Exercise requirements: Restate each line below word for word, skipping every picture.

Provided material:
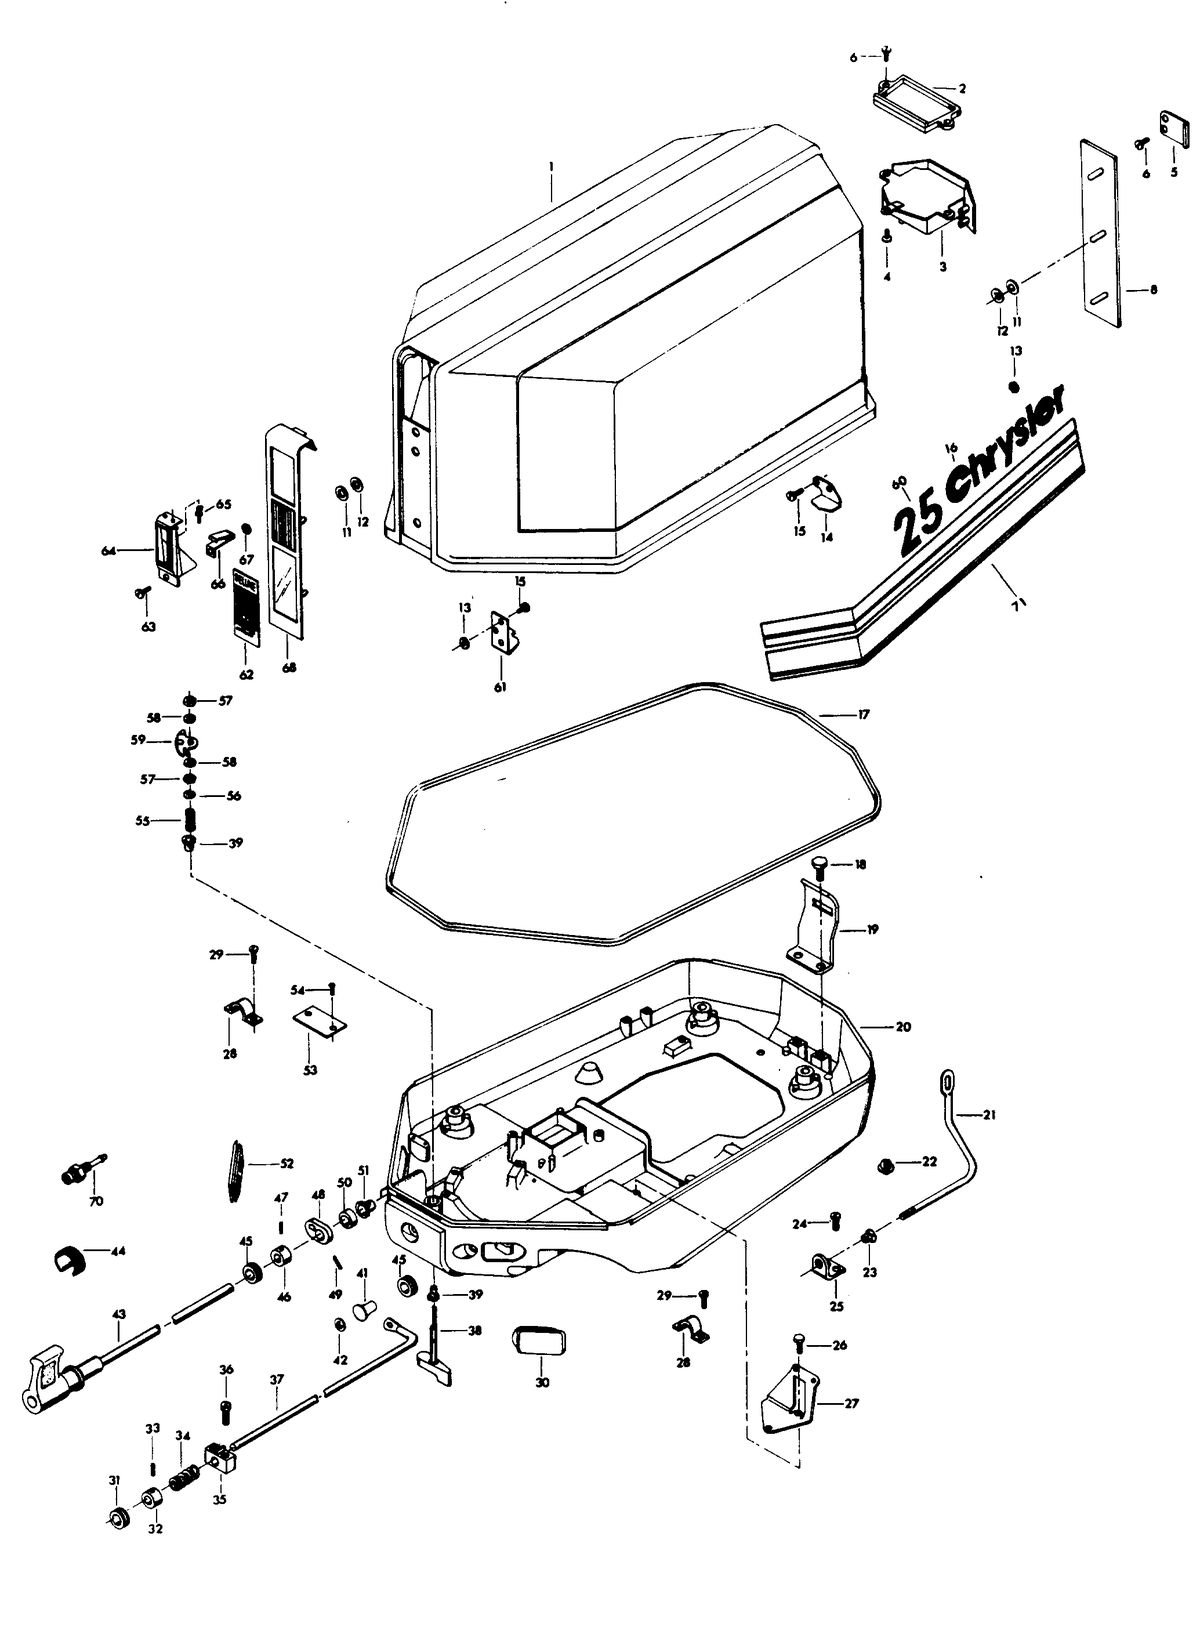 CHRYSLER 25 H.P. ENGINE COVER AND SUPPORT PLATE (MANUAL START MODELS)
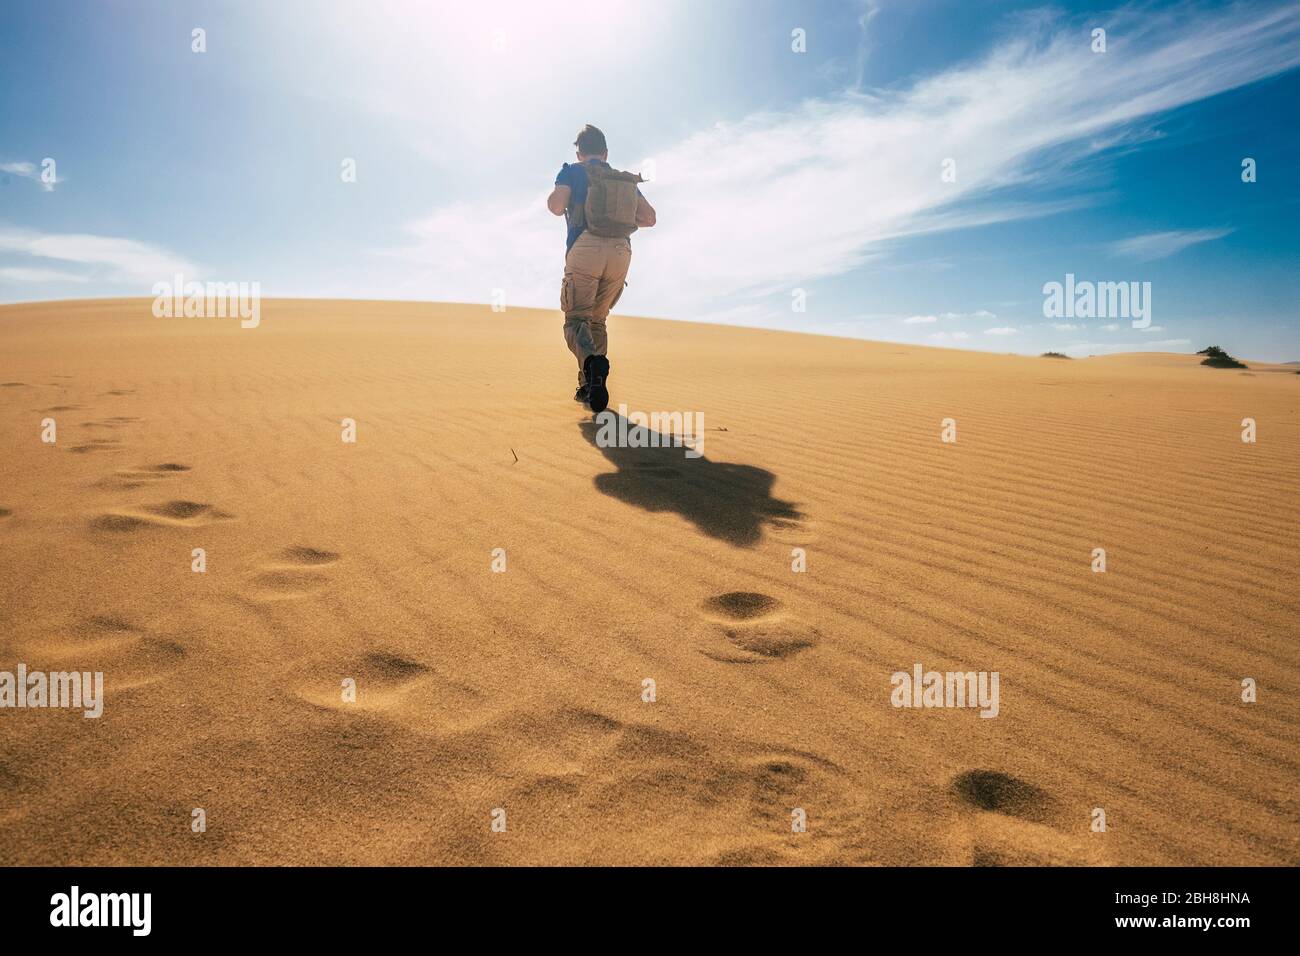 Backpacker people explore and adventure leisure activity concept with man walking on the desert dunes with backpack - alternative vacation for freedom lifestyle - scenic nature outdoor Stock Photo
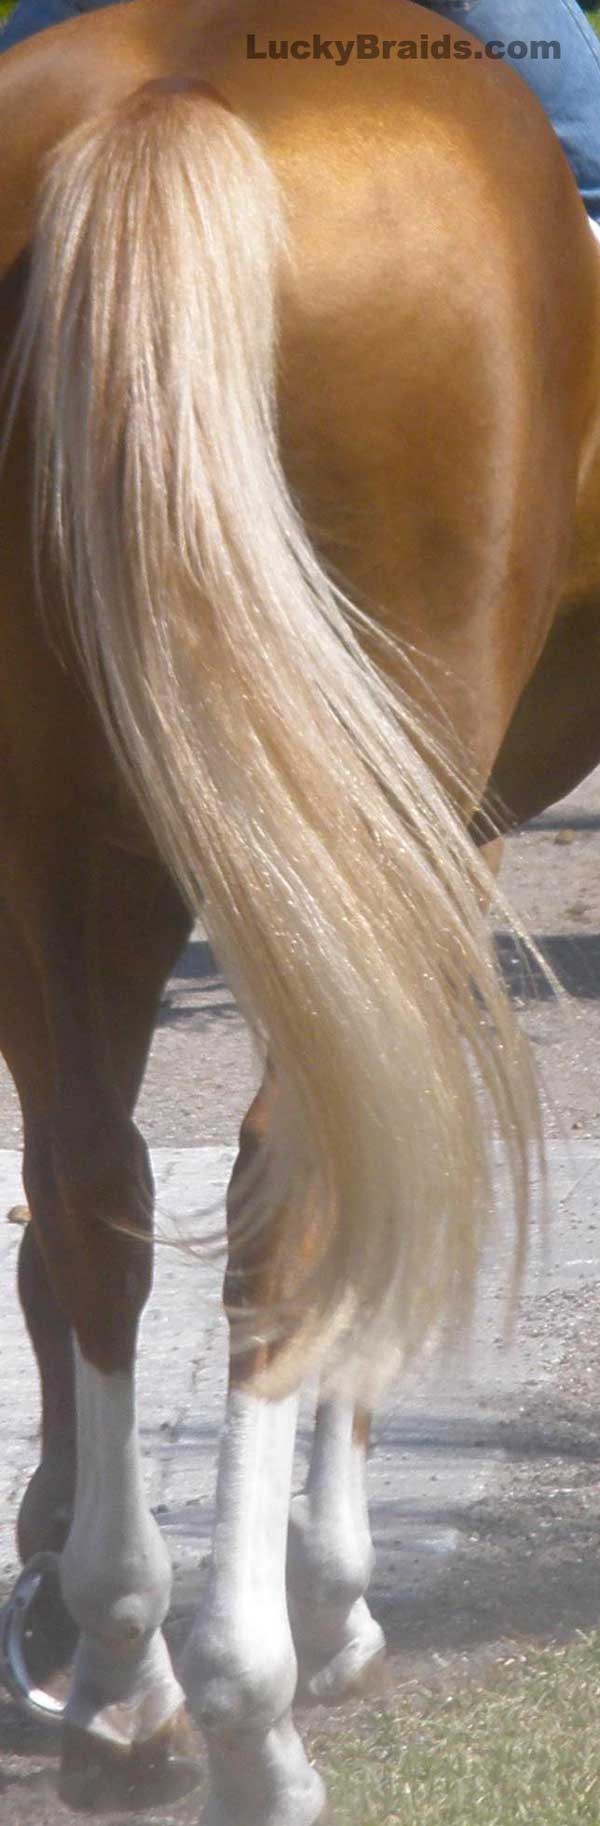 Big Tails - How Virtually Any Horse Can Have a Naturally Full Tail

Answer box:
 CHRYSLER 25 H.P. ENGINE COVER AND SUPPORT PLATE (MANUAL START MODELS)
 Backpacker people explore and adventure leisure activity concept with man walking on the desert dunes with backpack - alternative vacation for freedom lifestyle - scenic nature outdoor Stock Photo
 Big Tails - How Virtually Any Horse Can Have a Naturally Full Tail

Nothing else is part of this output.